RAW DATA:
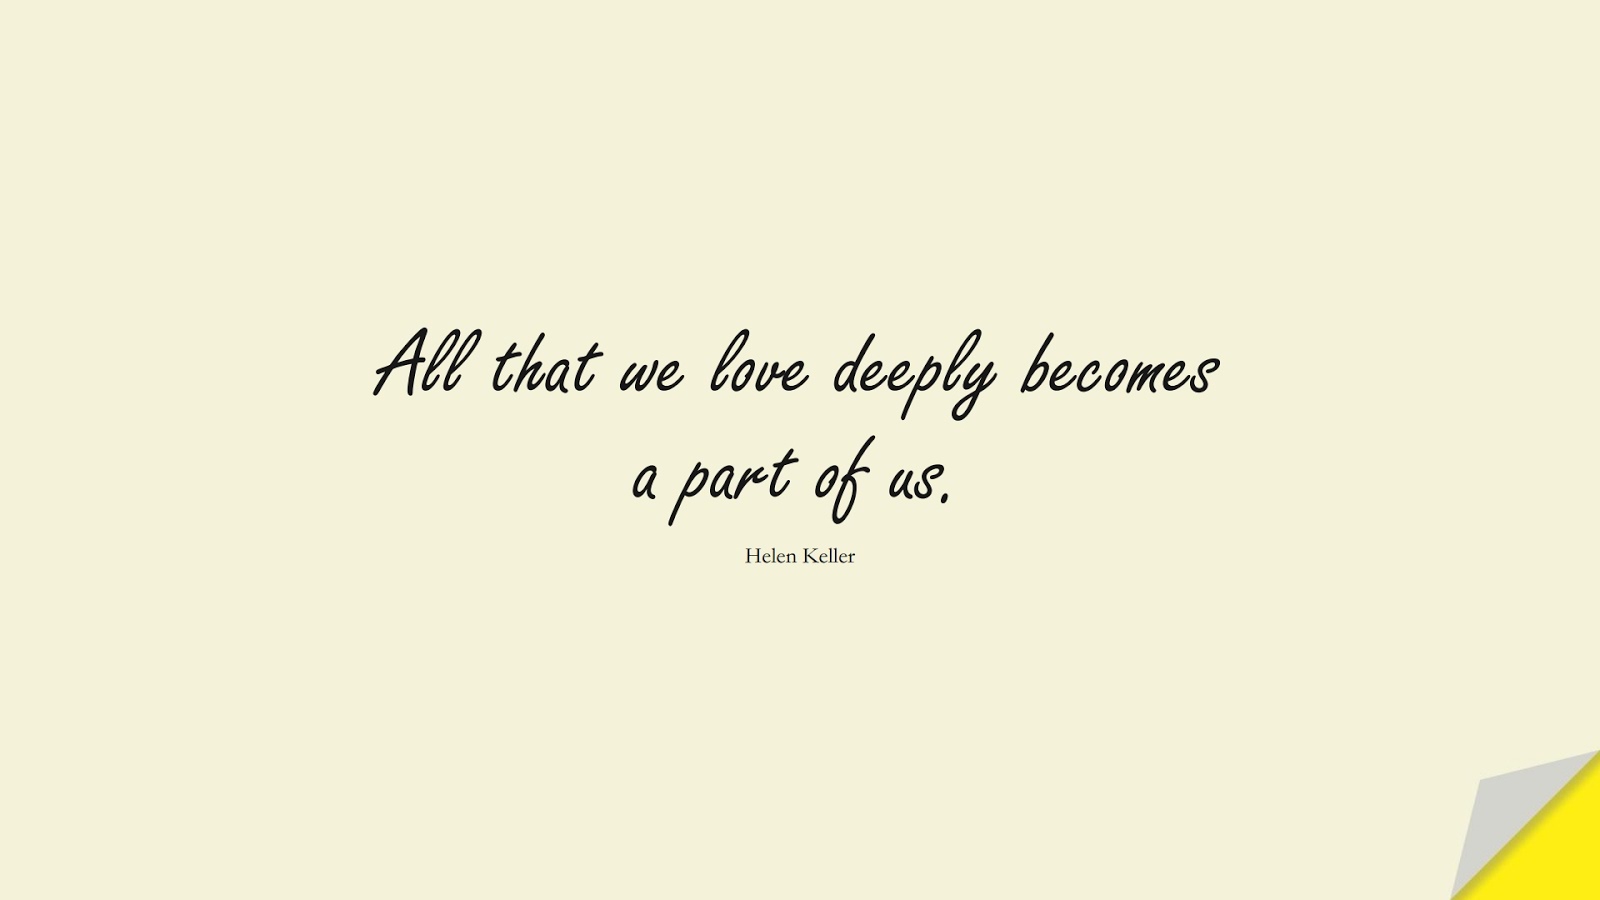 All that we love deeply becomes a part of us. (Helen Keller);  #LoveQuotes
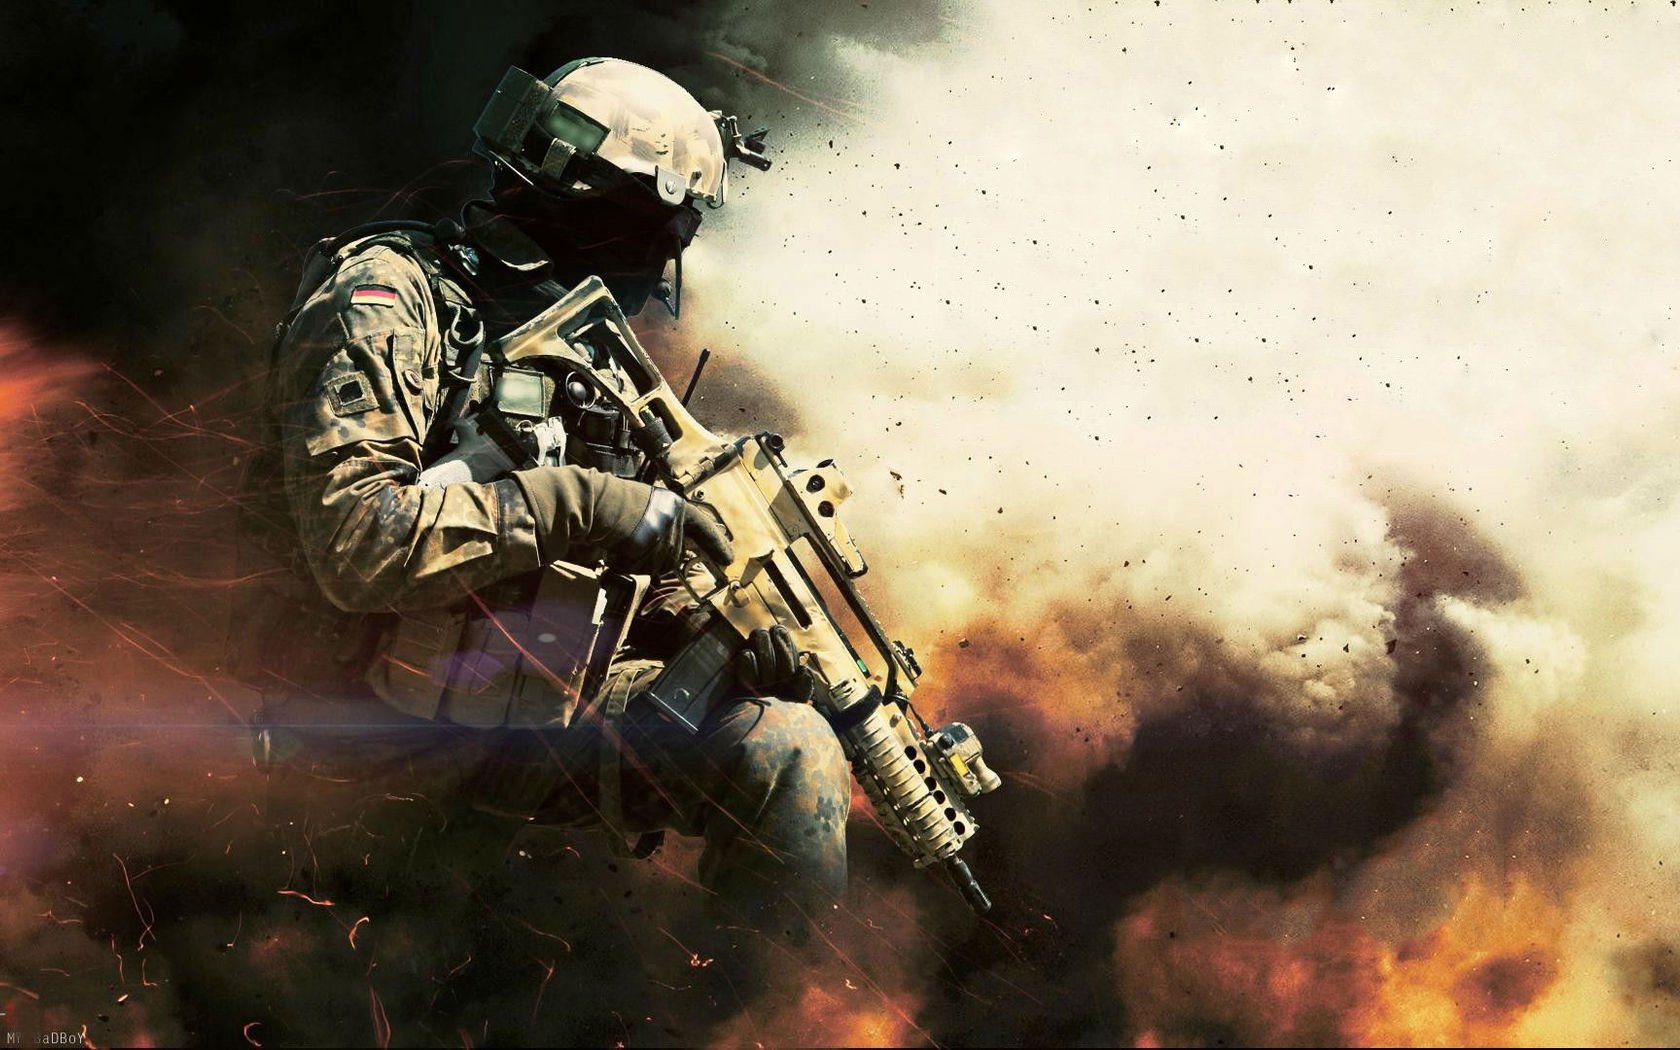 action wallpaper,soldier,military,army,infantry,military organization
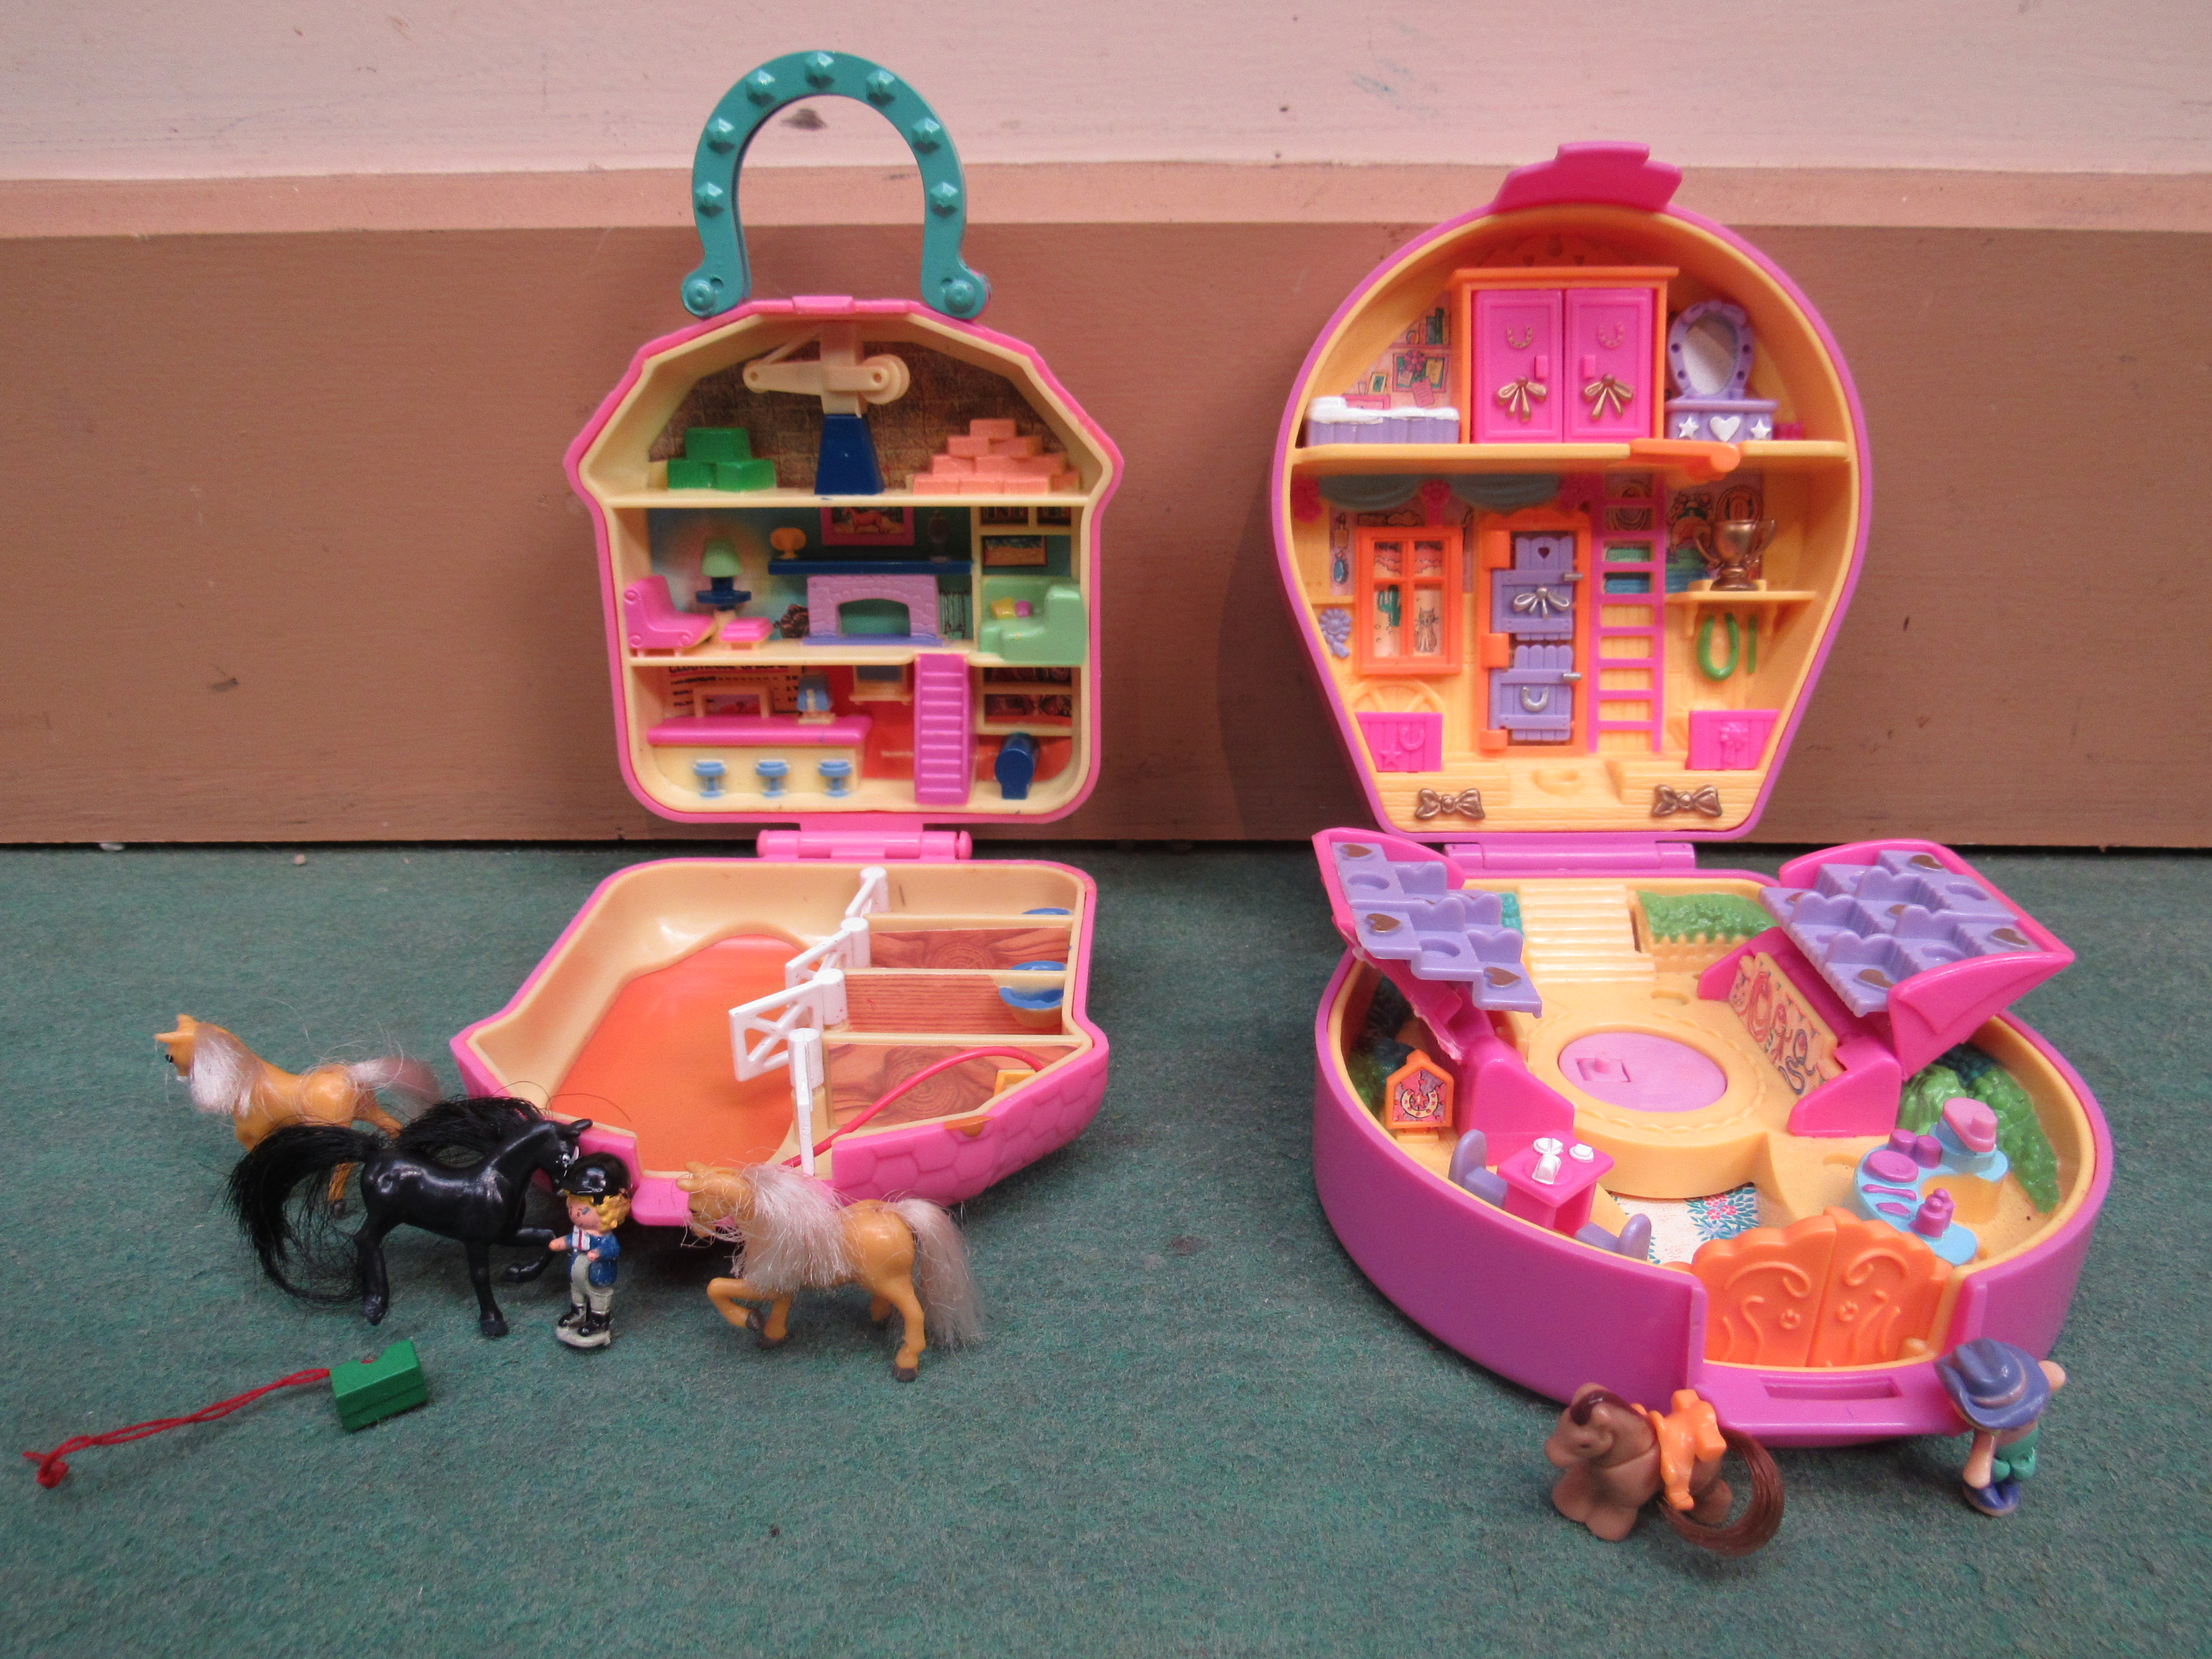 A Bluebird Toys Polly Pocket Polly's Pony Show playset with doll, pony and trophy

WHAT THE EXERCISE ASKS:
What you output must match the data exactly, apart from the pictures, which are left out.

THE COMPLETED TASK:
 All that we love deeply becomes a part of us. (Helen Keller);  #LoveQuotes
 action wallpaper,soldier,military,army,infantry,military organization
 A Bluebird Toys Polly Pocket Polly's Pony Show playset with doll, pony and trophy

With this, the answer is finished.